Signed-off-by: Liu Yuan <tailai.ly at taobao.com>
---
 doc/farm-internal.txt |  121 +++++++++++++++++++++++++++++++++++++++++++++++++
 1 files changed, 121 insertions(+), 0 deletions(-)
 create mode 100644 doc/farm-internal.txt

diff --git a/doc/farm-internal.txt b/doc/farm-internal.txt
new file mode 100644
index 0000000..ad470f3
--- /dev/null
+++ b/doc/farm-internal.txt
@@ -0,0 +1,121 @@
+                        ==================
+                            Farm Store
+                        ==================
+
+              Liu Yuan <namei.unix at gmail.com> Taobao Inc.
+
+1.  OVERVIEW
+
+Farm is an object store for Sheepdog on node basis.

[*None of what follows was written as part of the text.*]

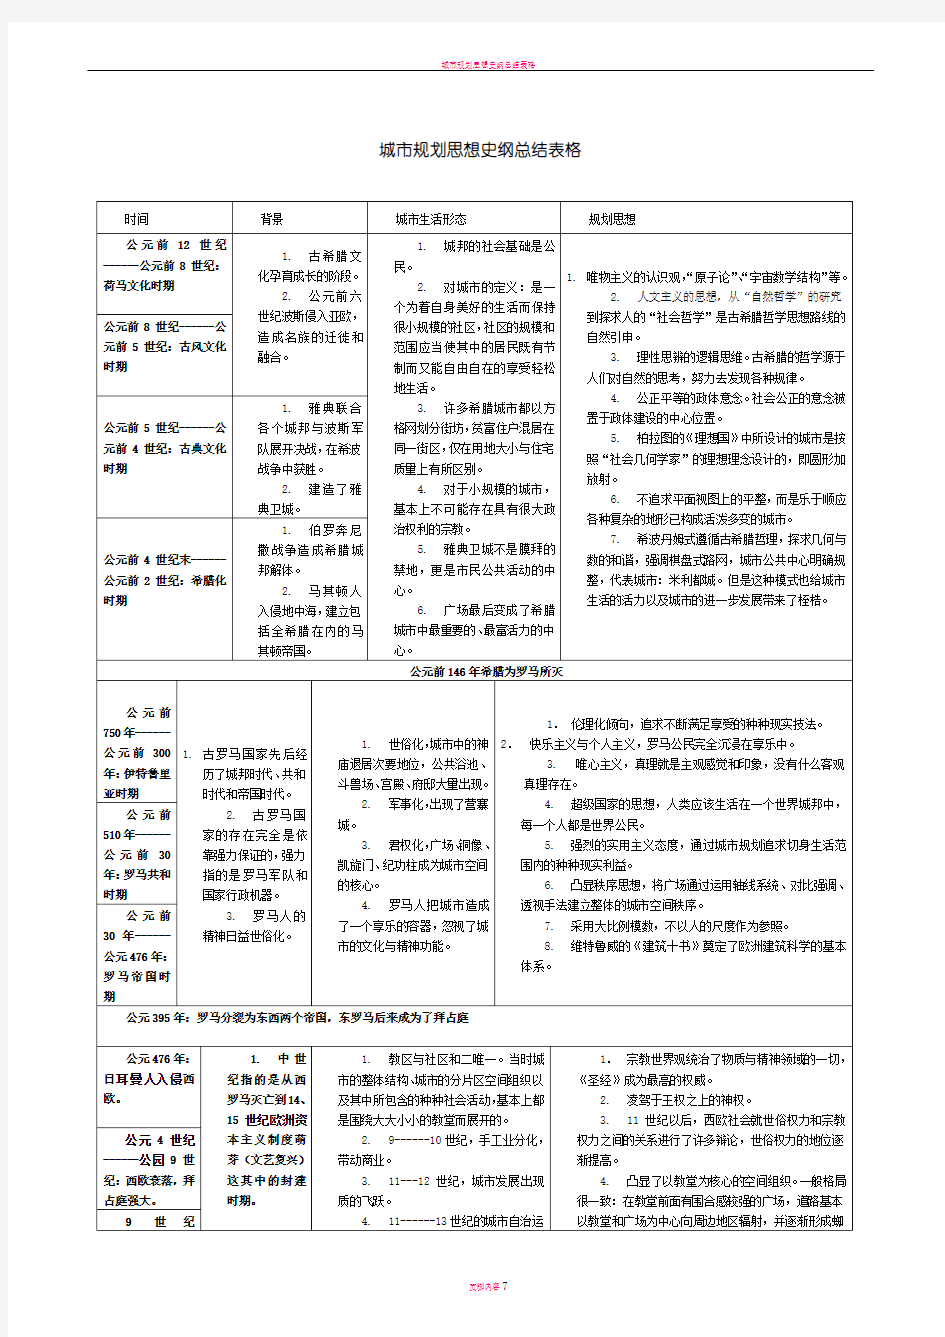 张京祥-西方城市规划思想史纲总结表格。

It consists of backend
+store, which caches the snapshot objects, and working drrectory, storing
+objects that Sheepdog currently operates. That being said, the I/O performance
+for VM Guests would be practically the same as Simple Store.
+
+Snapshots are triggered either by system recovery code or users, and Farm is
+supposed to restore all the object states into the ones at the time of the user
+snapshot being taken. Snapshot object in the context means both meta object and
+data object.
+
+2.  DESIGN
+
+Simply put, Farm somewhat resembles git a lot (both code and idea level).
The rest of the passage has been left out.